→ **WHAT IS EXPECTED**
Your answer should be the lines from the one with "Shorts Feminino Estilo" to the end of the data below, both included, exact and free of pictures.

[Data excerpts]
━━━━━━━━━━━━━━━━

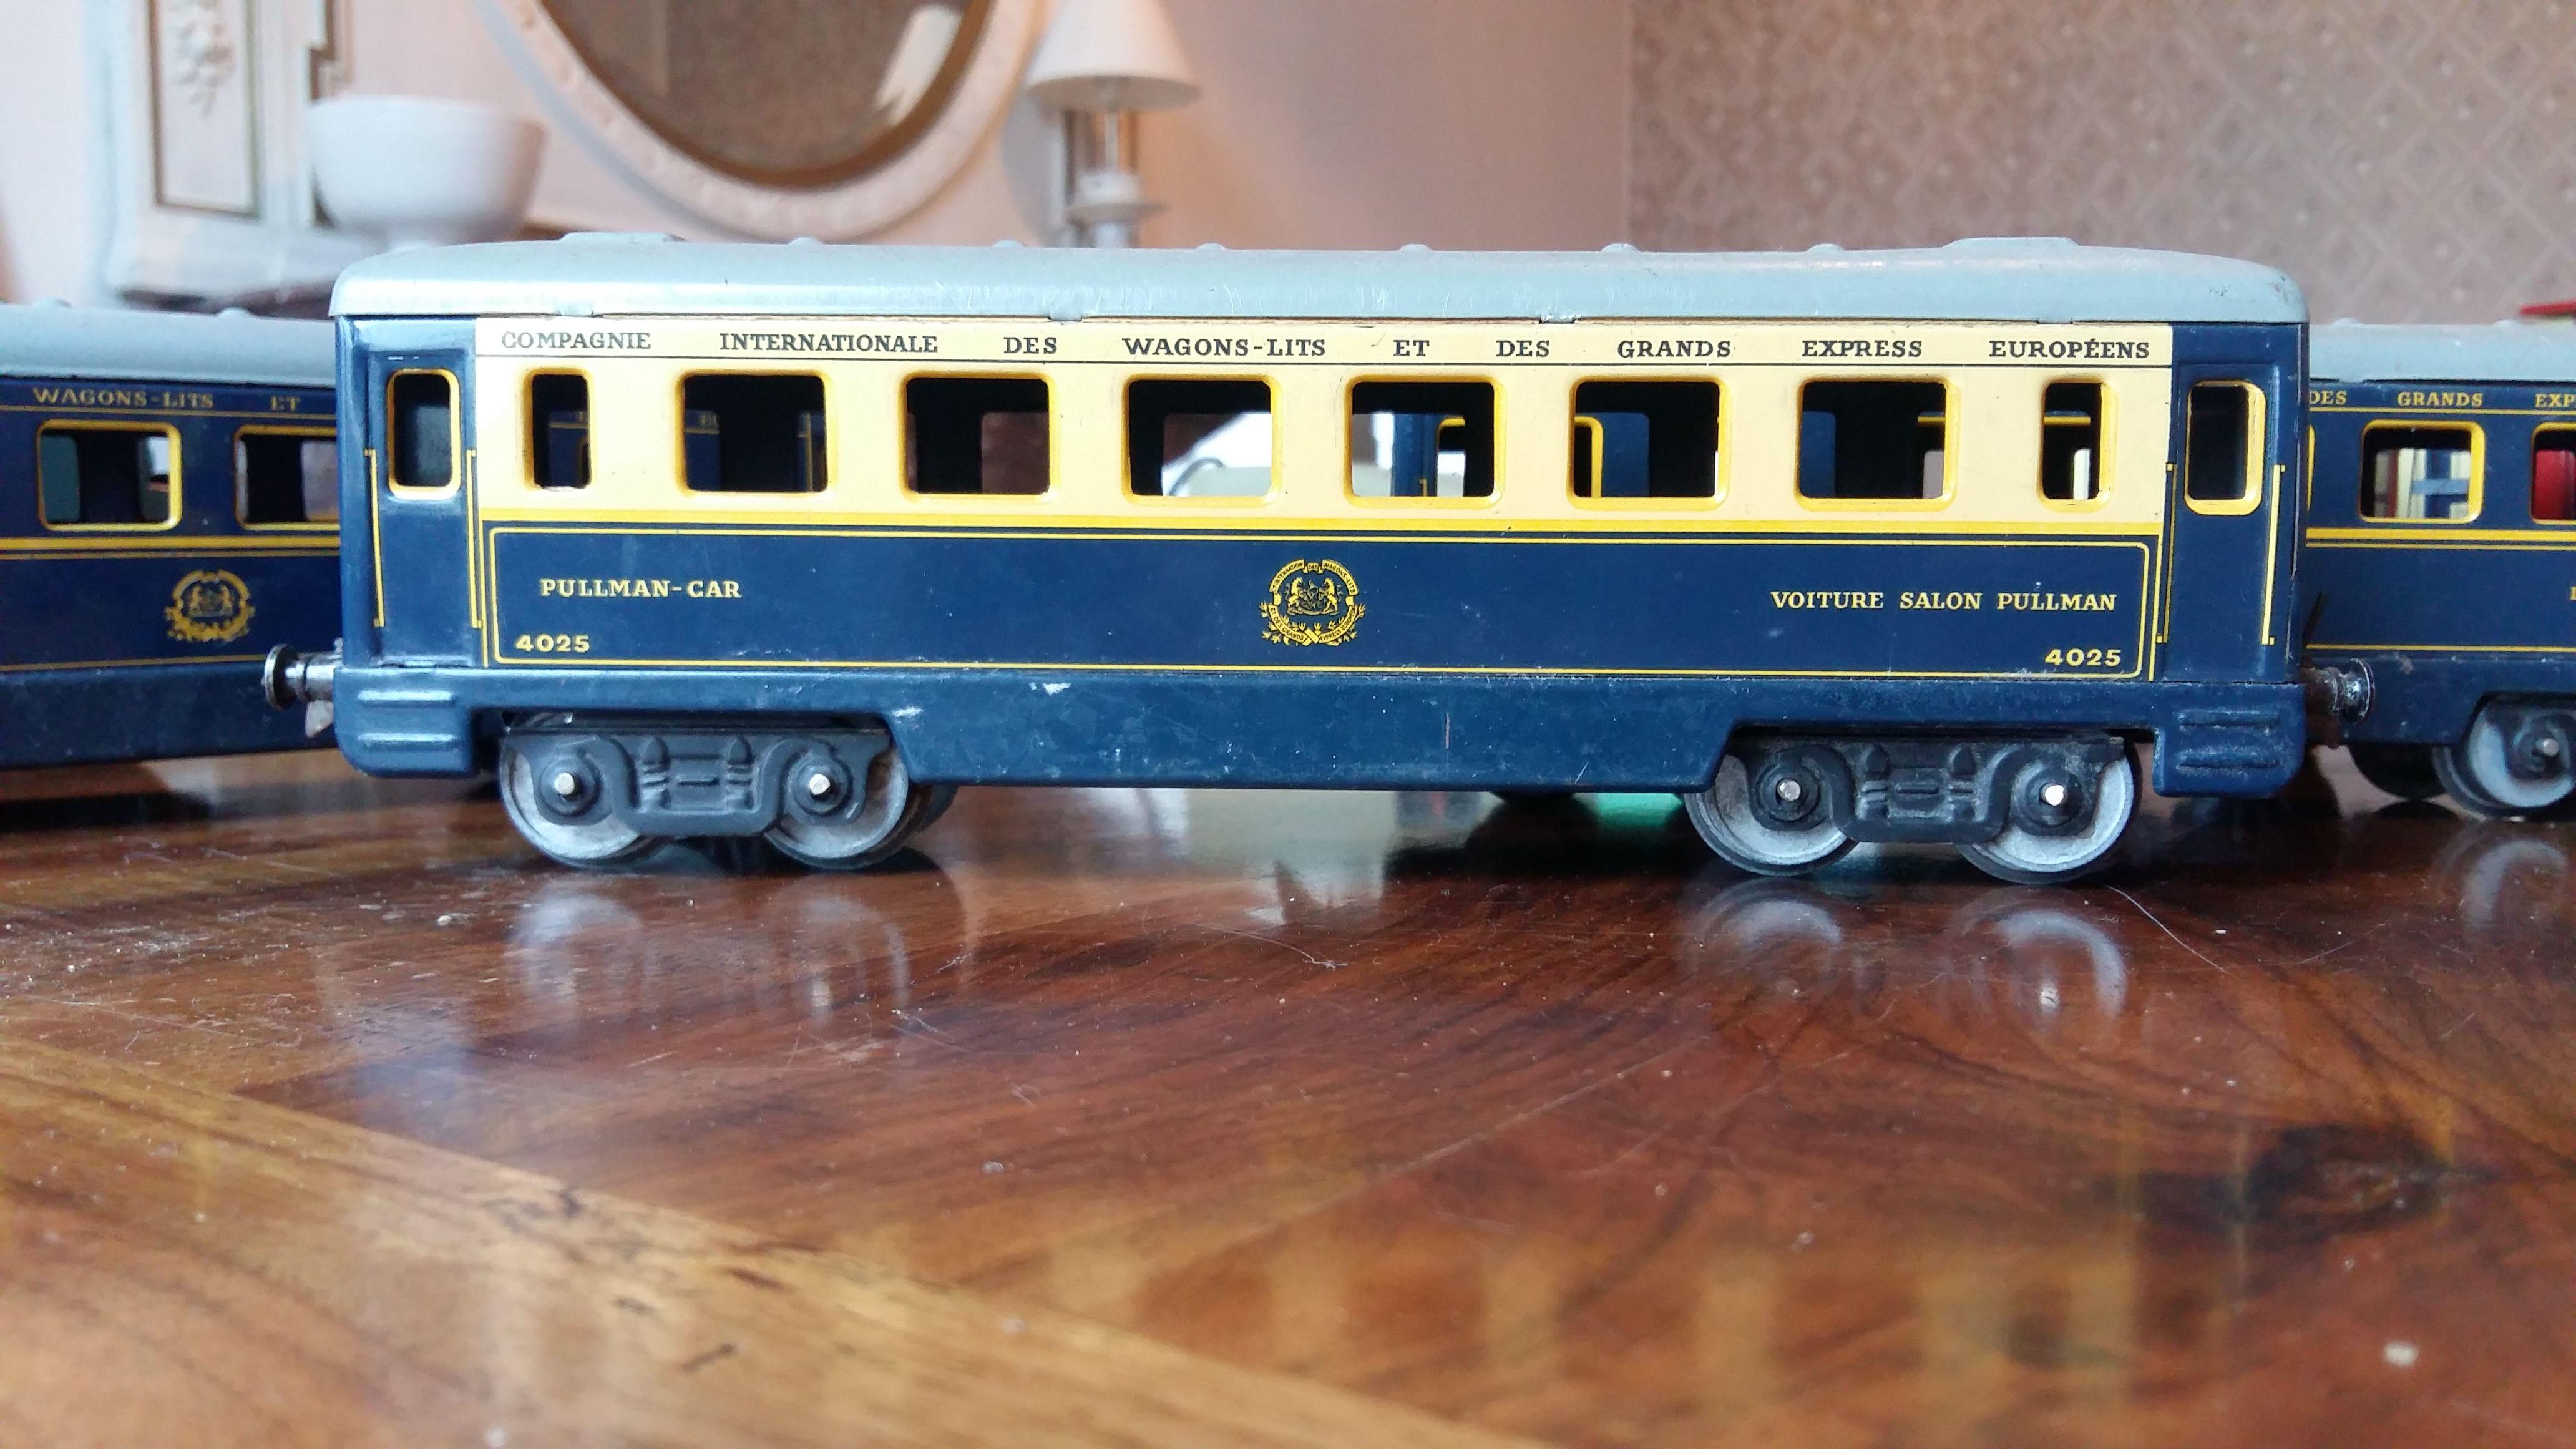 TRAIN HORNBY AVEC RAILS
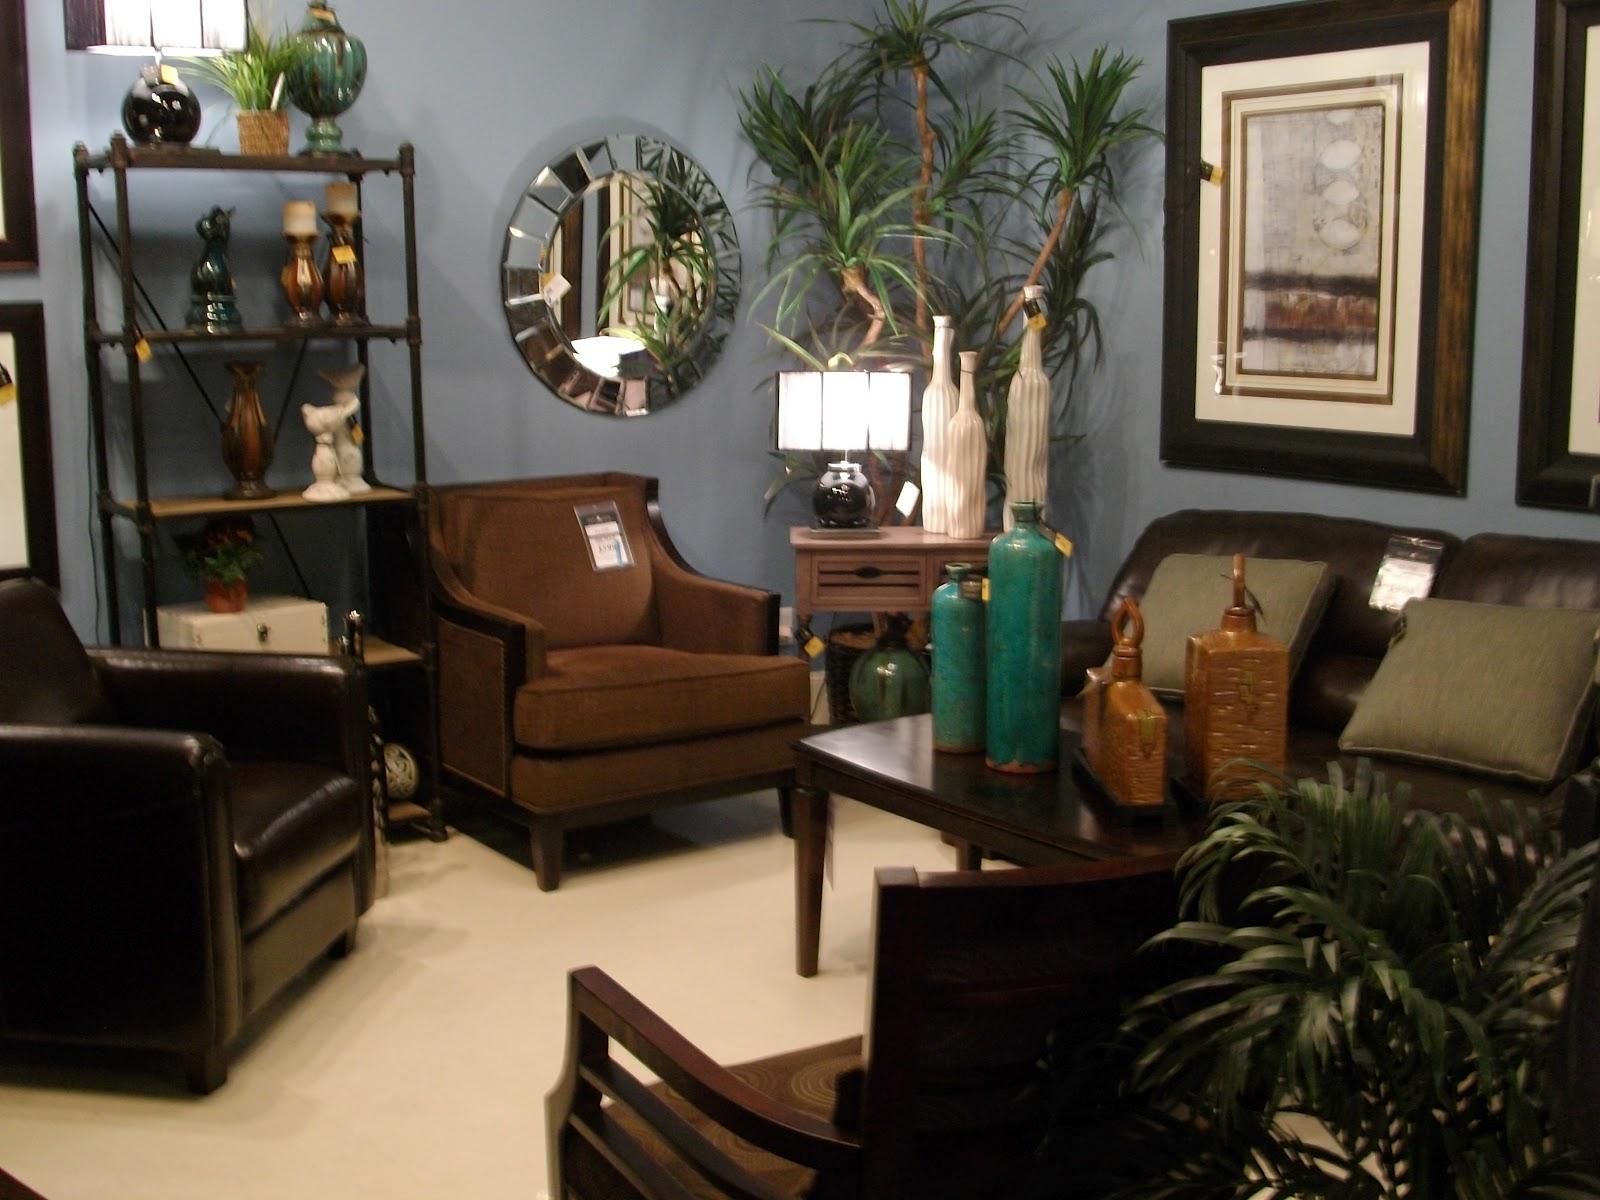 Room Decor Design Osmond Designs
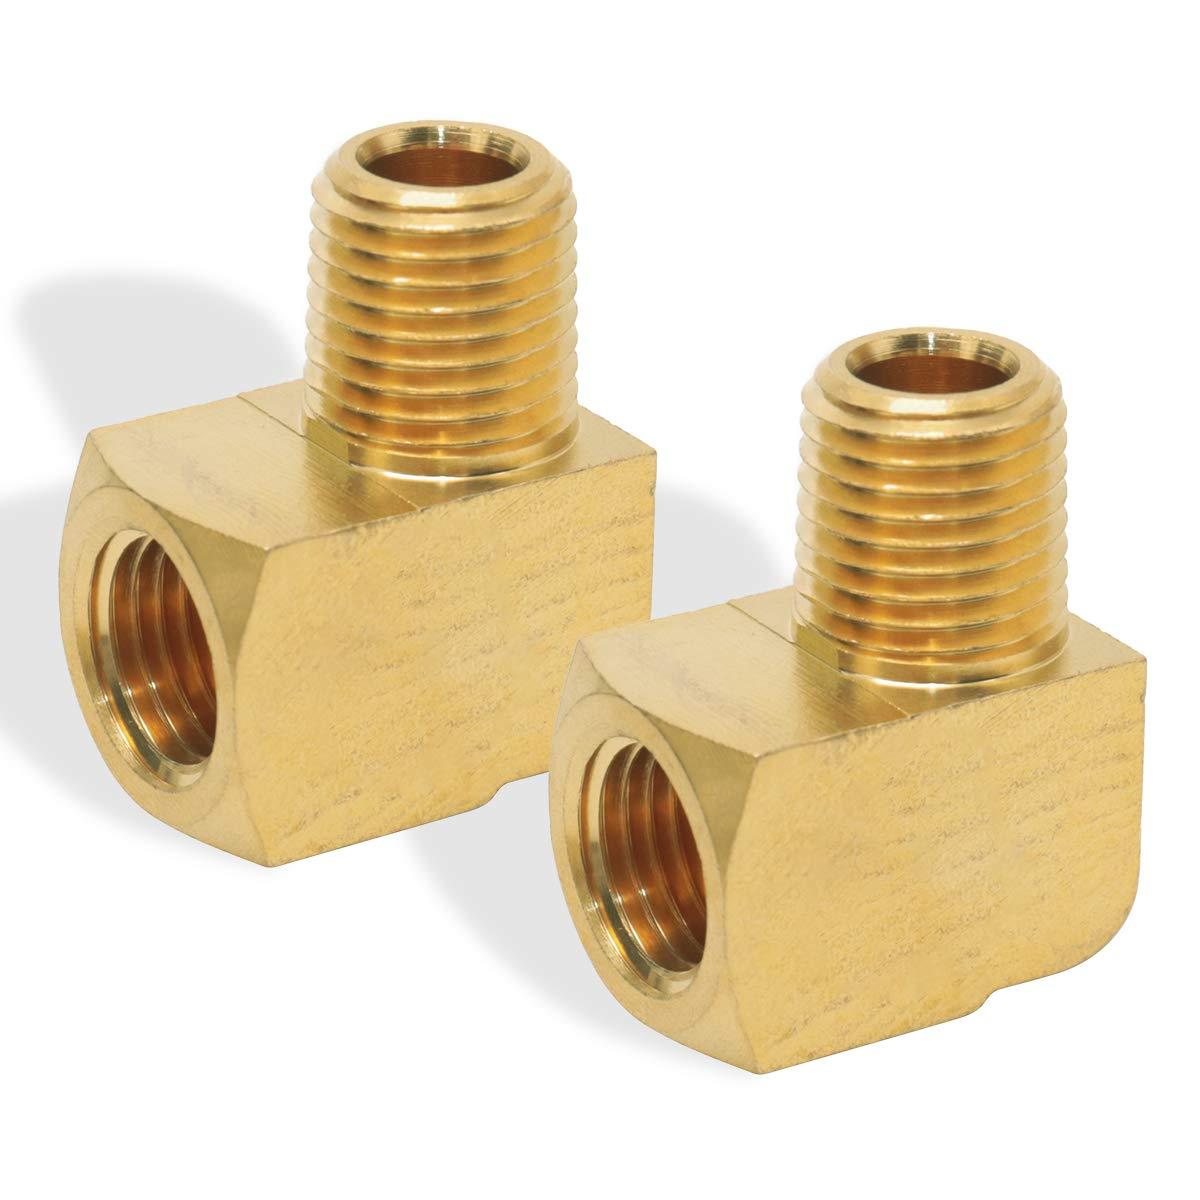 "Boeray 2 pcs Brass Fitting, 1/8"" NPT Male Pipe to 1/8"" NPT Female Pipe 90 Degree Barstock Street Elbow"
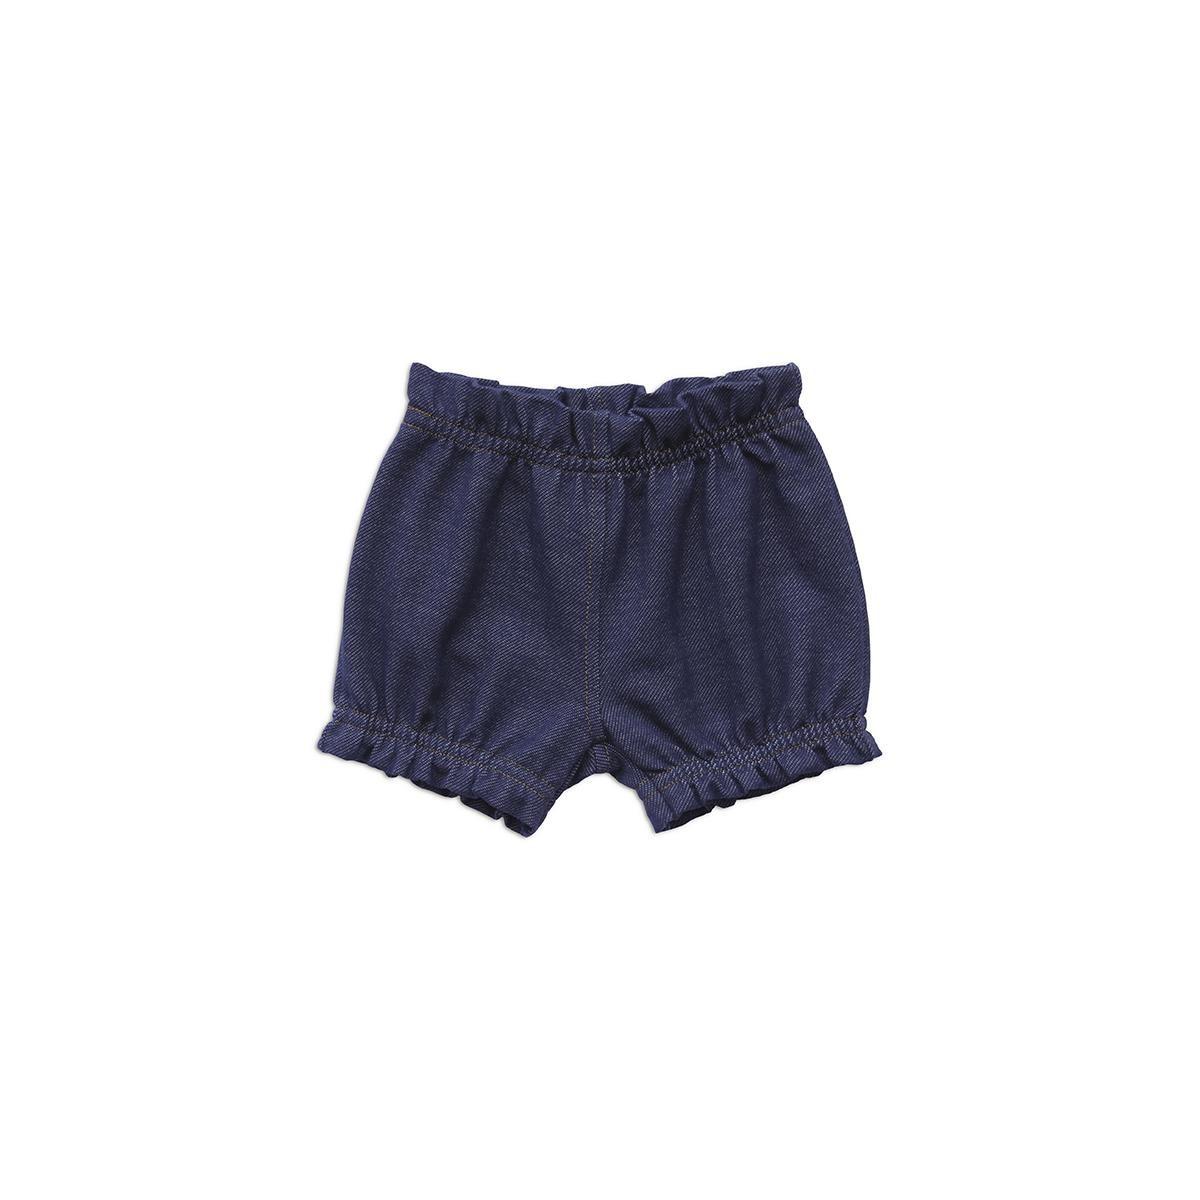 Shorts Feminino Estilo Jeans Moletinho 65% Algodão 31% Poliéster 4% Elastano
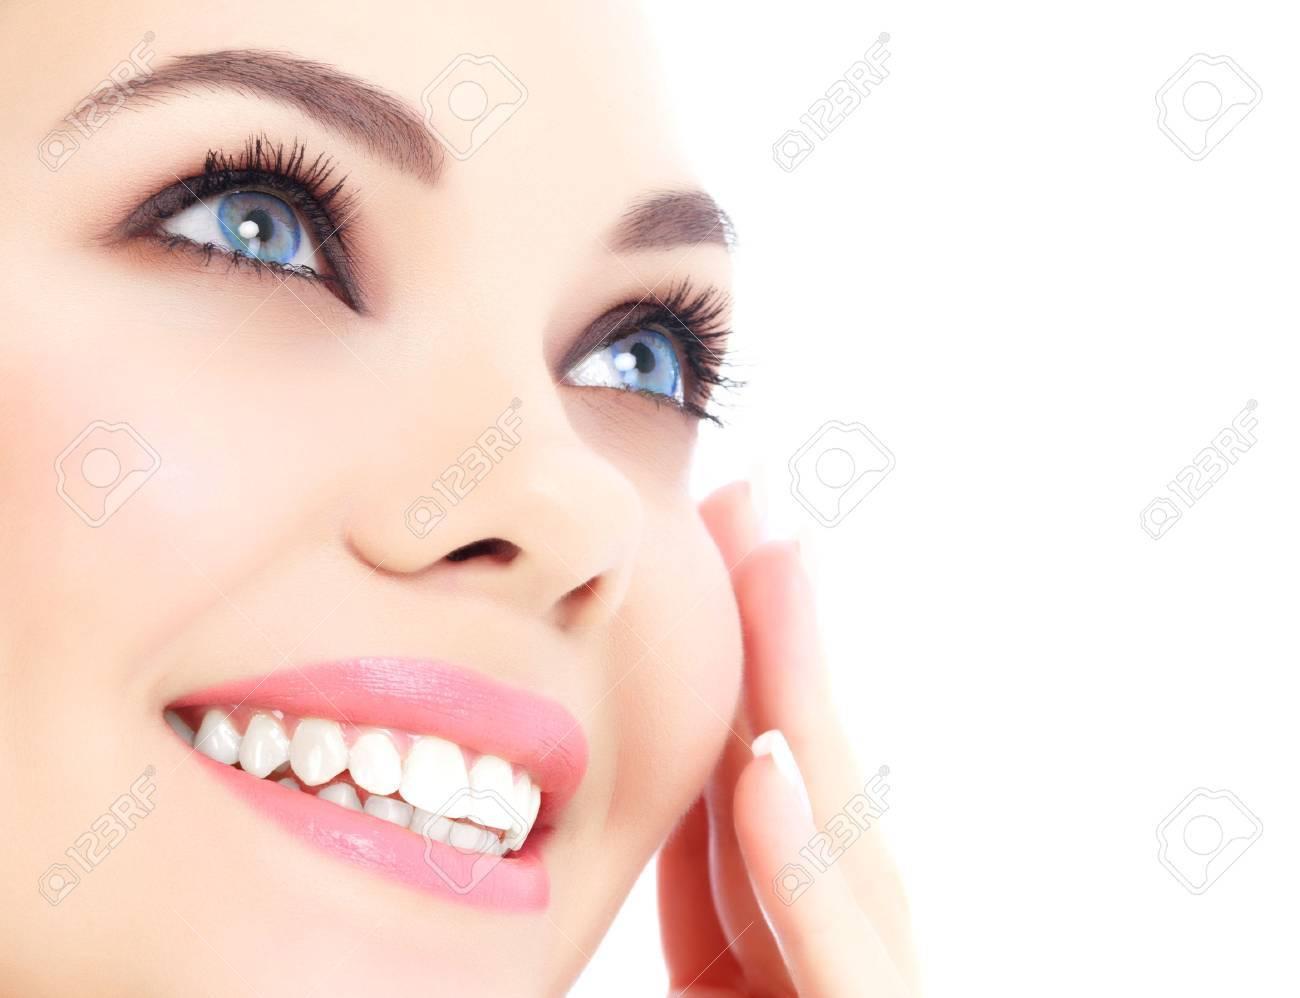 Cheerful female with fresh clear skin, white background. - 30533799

━━━━━━━━━━━━━━━━

→ **COMPLETED TASK**
 Shorts Feminino Estilo Jeans Moletinho 65% Algodão 31% Poliéster 4% Elastano
 Cheerful female with fresh clear skin, white background. - 30533799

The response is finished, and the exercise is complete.